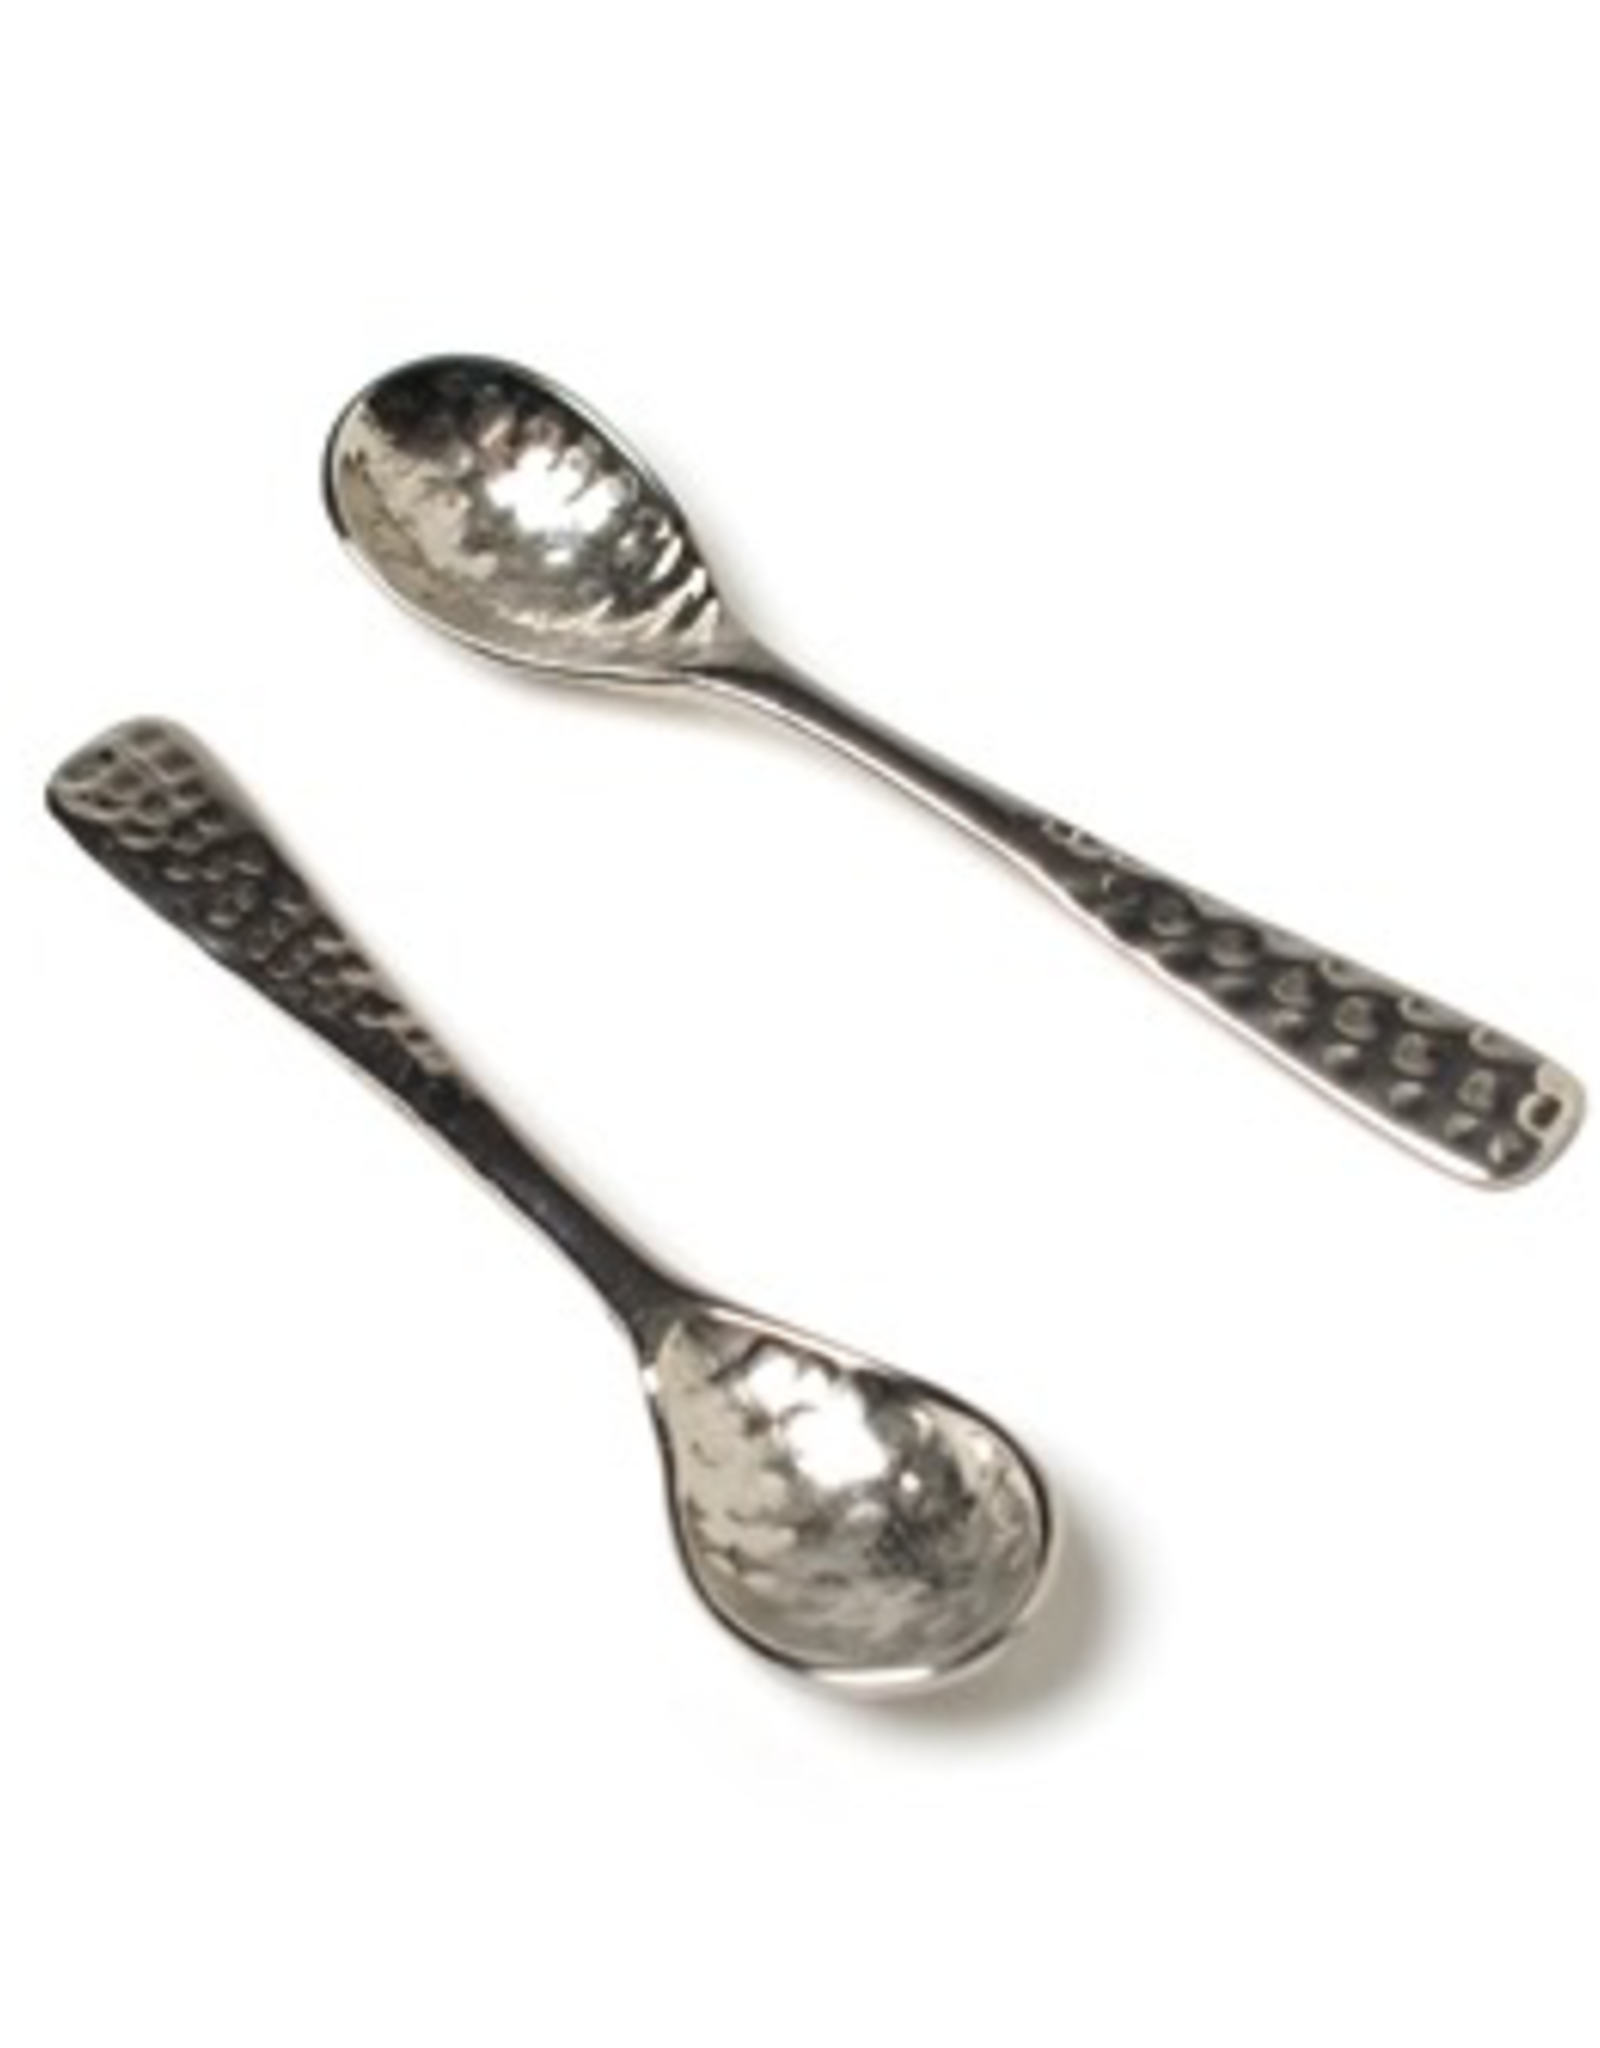 Mini Hammered Aluminum Spoon 2.5"
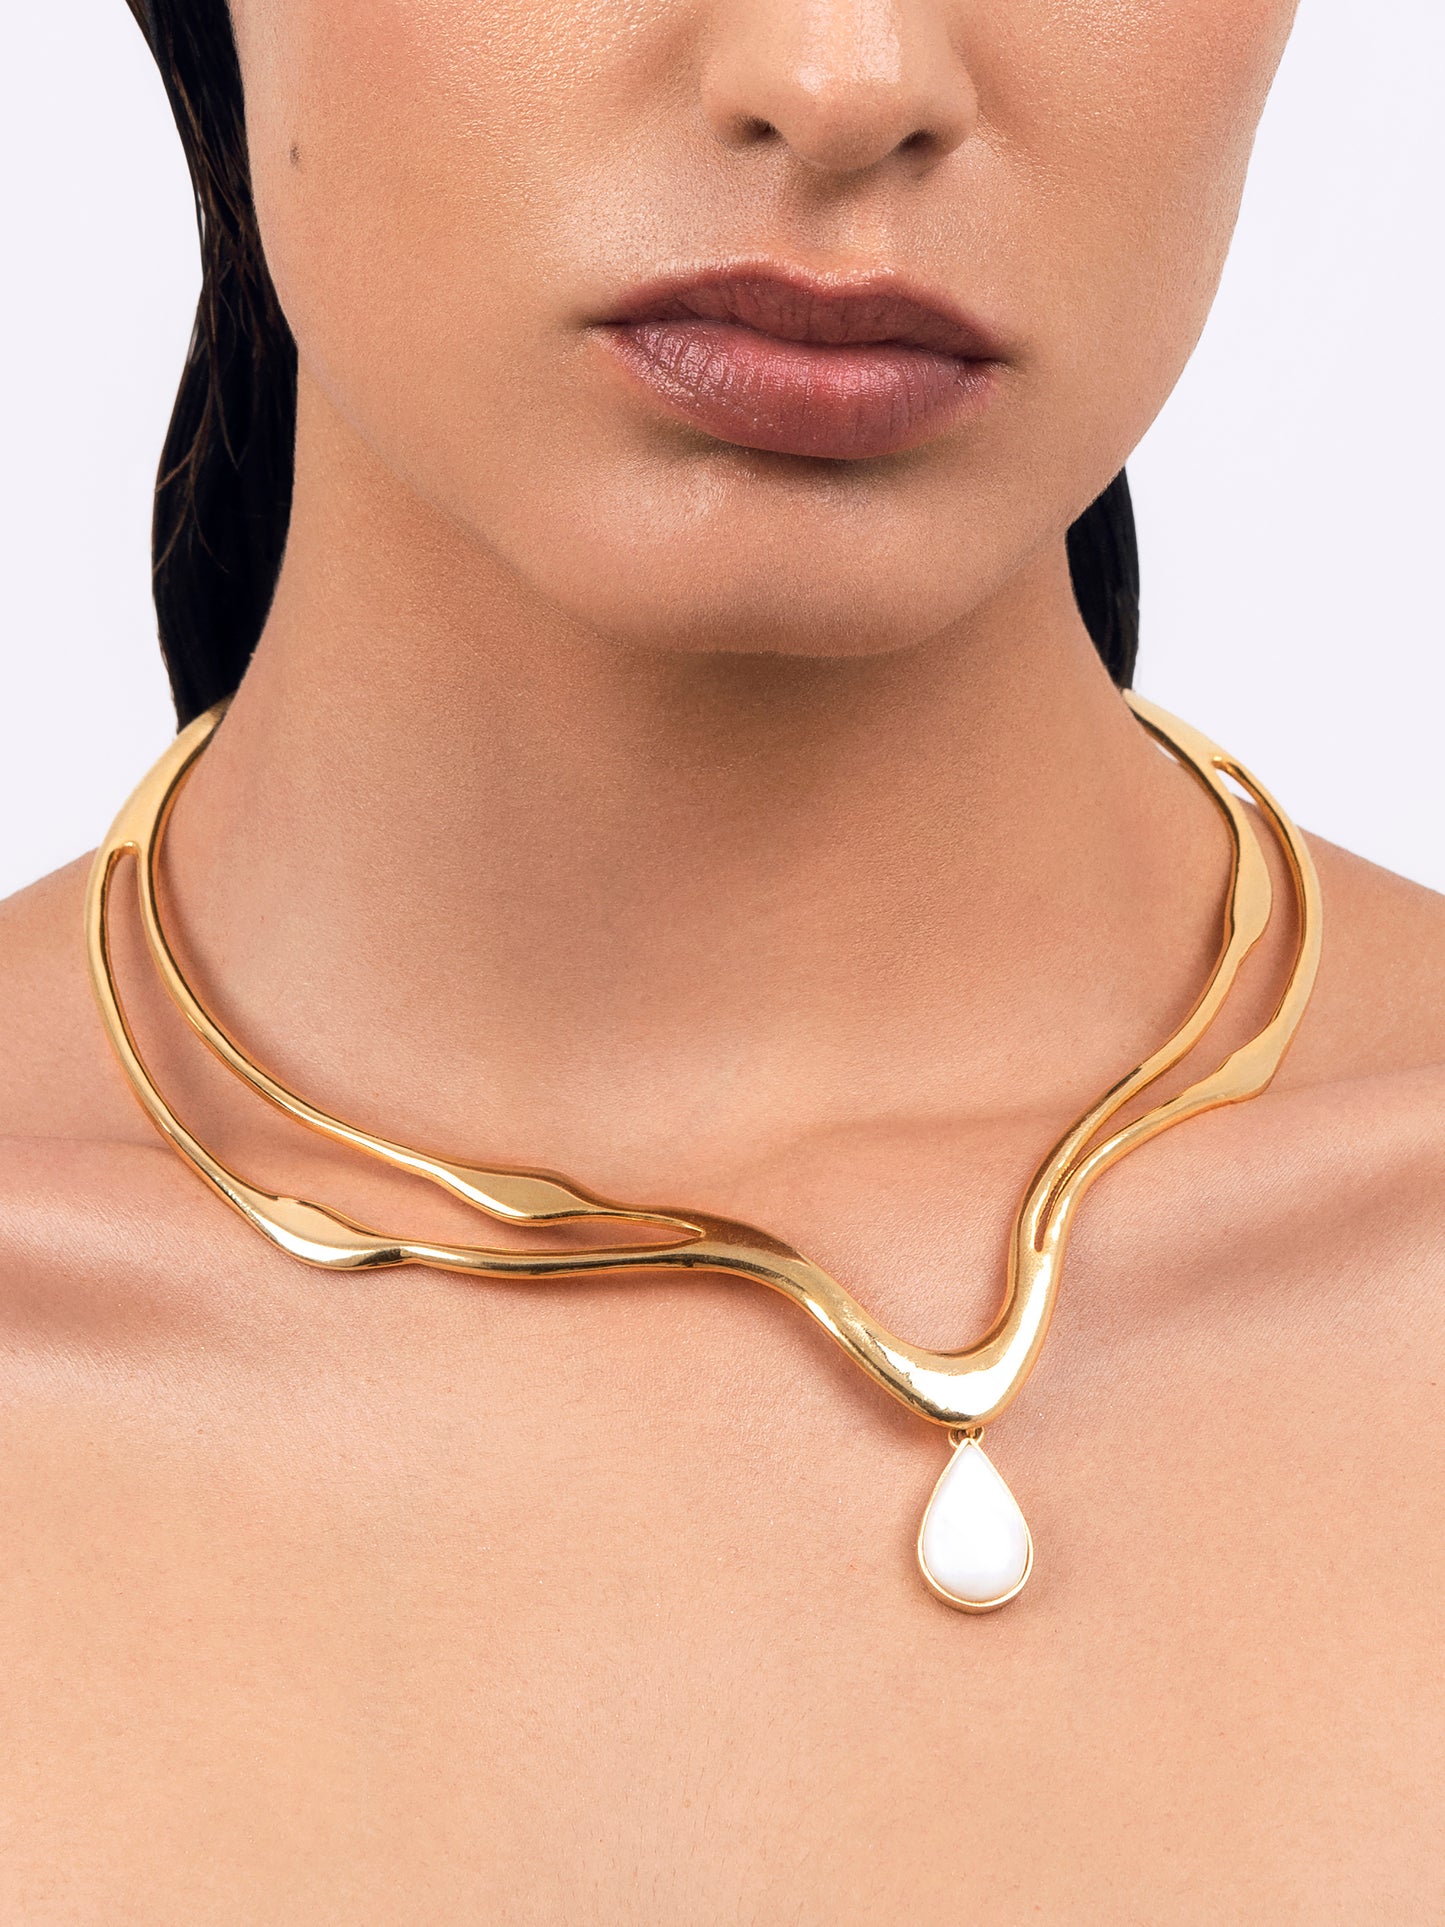 Nectar choker necklace
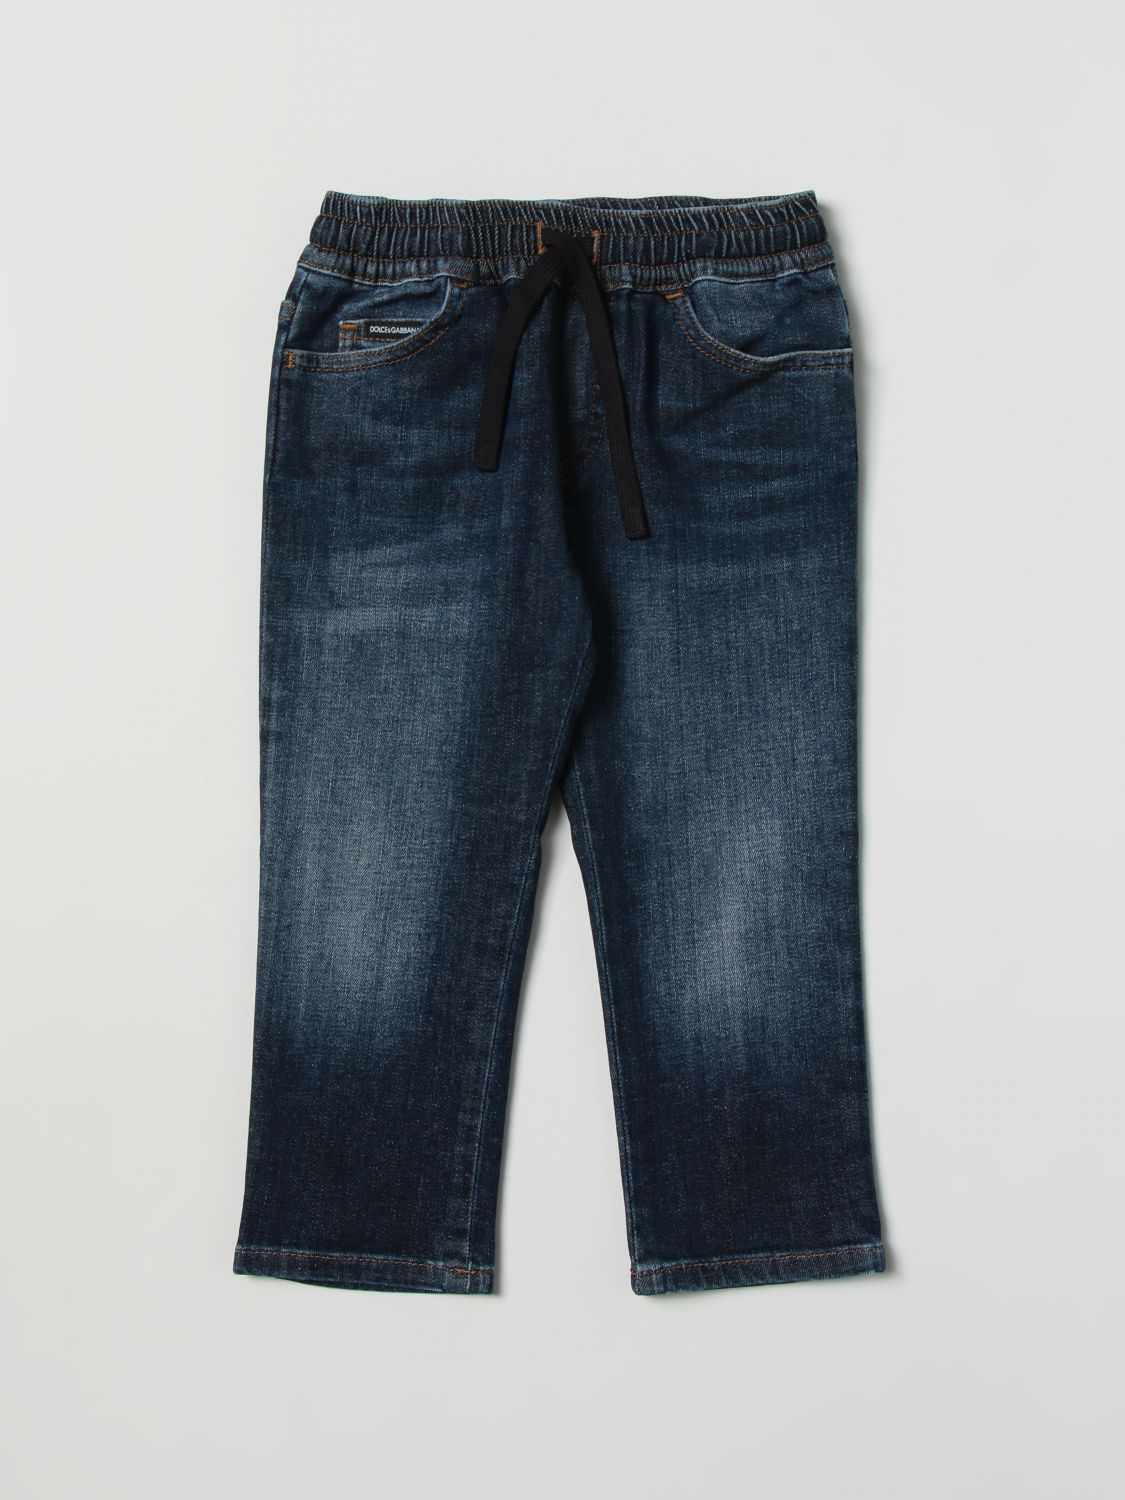 Dolce & Gabbana Kids' Jeans In Washed Denim

▶ _What is being asked_: Output only the lines from the line that contains "Nectar choker necklace" through the end of the material, both ends included, and skip every picture.

▶ _Written answer_:
 Nectar choker necklace
 Dolce & Gabbana Kids' Jeans In Washed Denim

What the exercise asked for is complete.